On Wed, May 22, 2013 at 2:30 PM, Greg Smith <greg(at)2ndquadrant(dot)com> wrote:
> On 5/22/13 3:06 PM, Joshua D. Drake wrote:
>>
>> Greg, can you elaborate on the SSD + Xlog issue? What type of burn
>> through are we talking about?
>
>
> You're burning through flash cells at a multiple of the total WAL write
> volume. The system I gave iostat snapshots from upthread (with the Intel
> 710 hitting its limit) archives about 1TB of WAL each week. The actual
> amount of WAL written in terms of erased flash blocks is even higher though,
> because sometimes the flash is hit with partial page writes. The write
> amplification of WAL is much worse than the main database.
>
> I gave a rough intro to this on the Intel drives at
> http://blog.2ndquadrant.com/intel_ssds_lifetime_and_the_32/ and there's a
> nice "Write endurance" table at
> http://www.tomshardware.com/reviews/ssd-710-enterprise-x25-e,3038-2.html
>
> The cheapest of the Intel SSDs I have here only guarantees 15TB of total
> write endurance. Eliminating >1TB of writes per week by moving the WAL off
> SSD is a pretty significant change, even though the burn rate isn't a simple
> linear thing--you won't burn the flash out in only 15 weeks.

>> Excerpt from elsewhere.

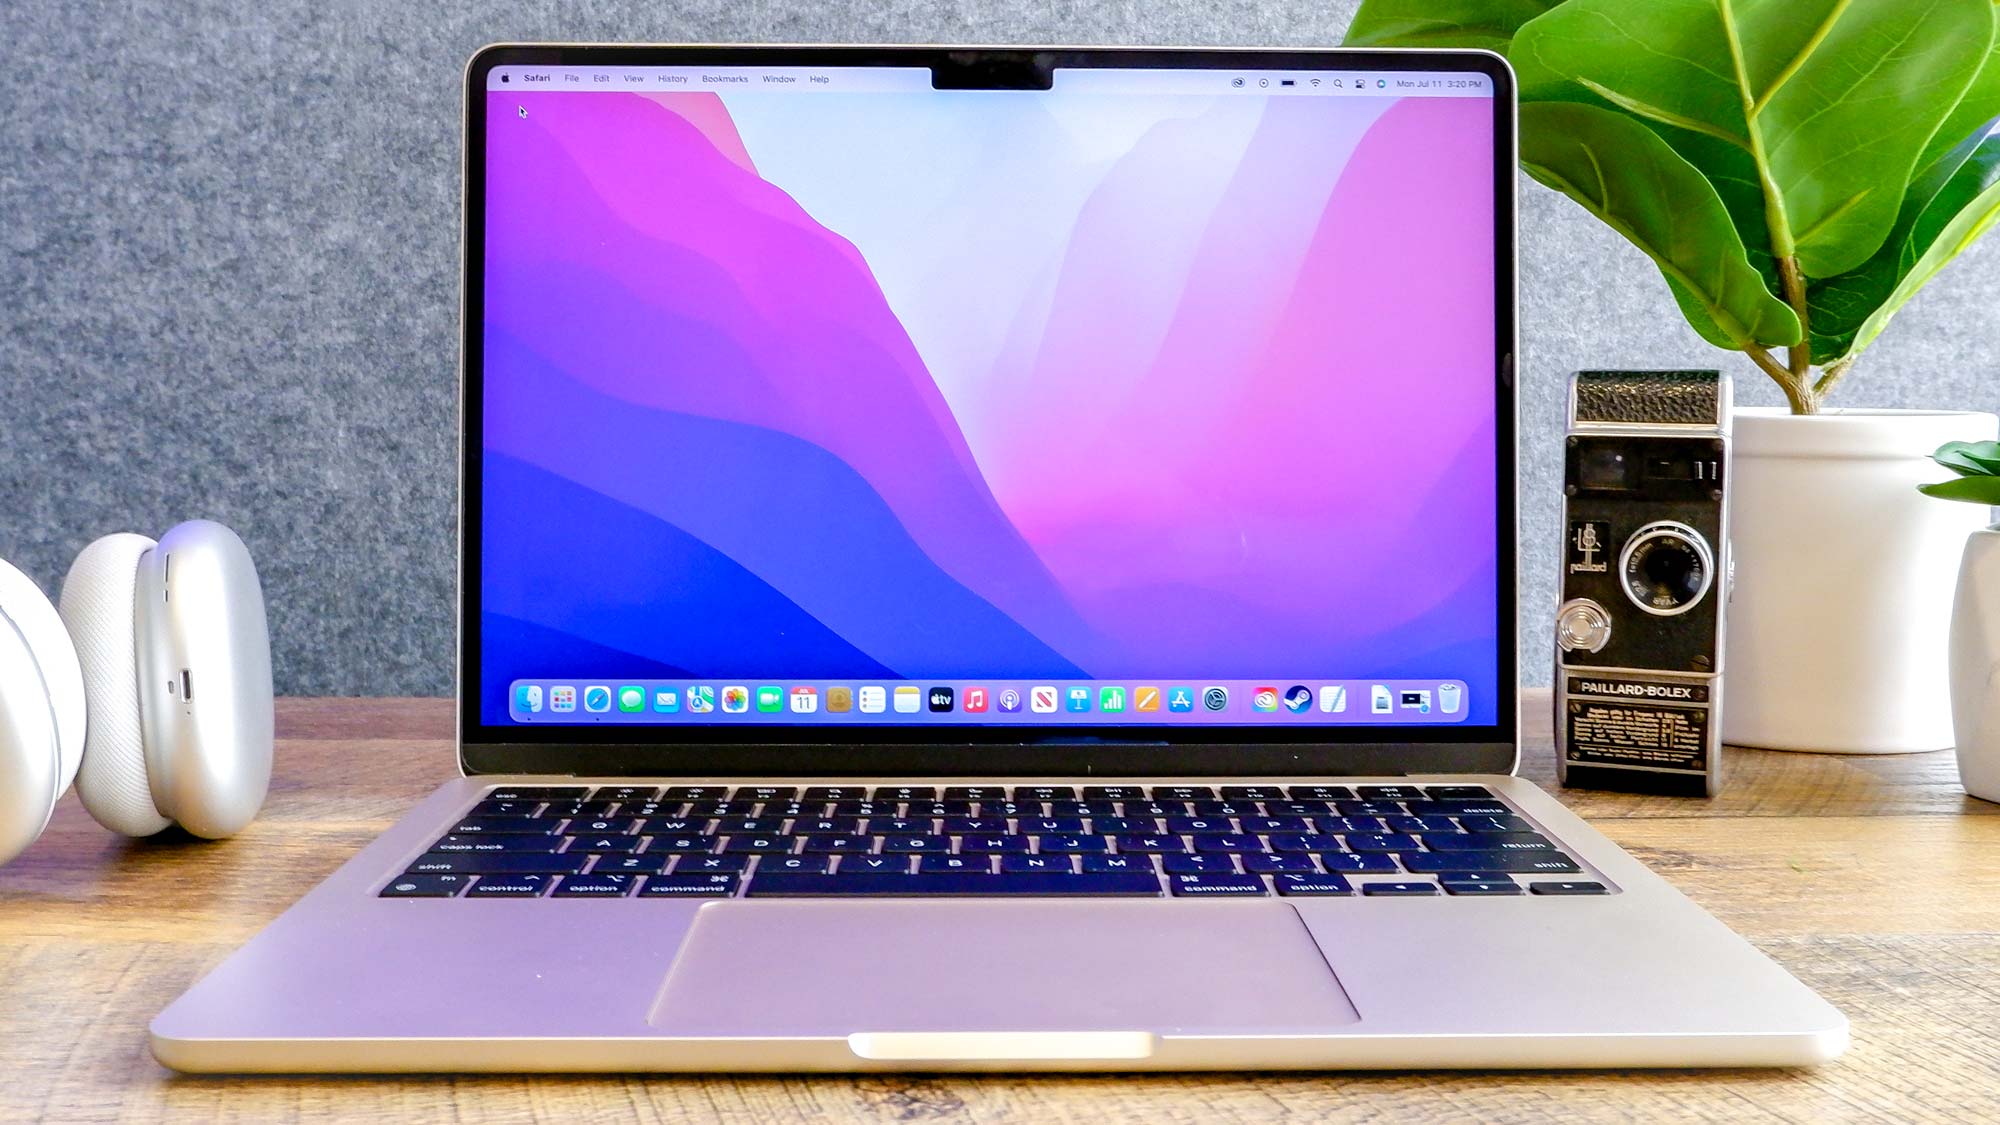 MacBook Air comment acheter moins cher en Israël sur le babillard

Certainly, intel 320 is not designed for 1tb/week workloads.

> The production server is actually using the higher grade 710 drives that aim
> for 900TB instead. But I do have standby servers using the low grade stuff,
> so anything I can do to decrease SSD burn rate without dropping performance
> is useful. And only the top tier of transaction rates will outrun a RAID1
> pair of 15K drives dedicated to WAL.

s3700 is rated for 10 drive writes/day for 5 years. so, for 200gb drive, that's
200gb * 10/day * 365 days * 5, that's 3.65 million gigabytes or ~ 3.5 petabytes.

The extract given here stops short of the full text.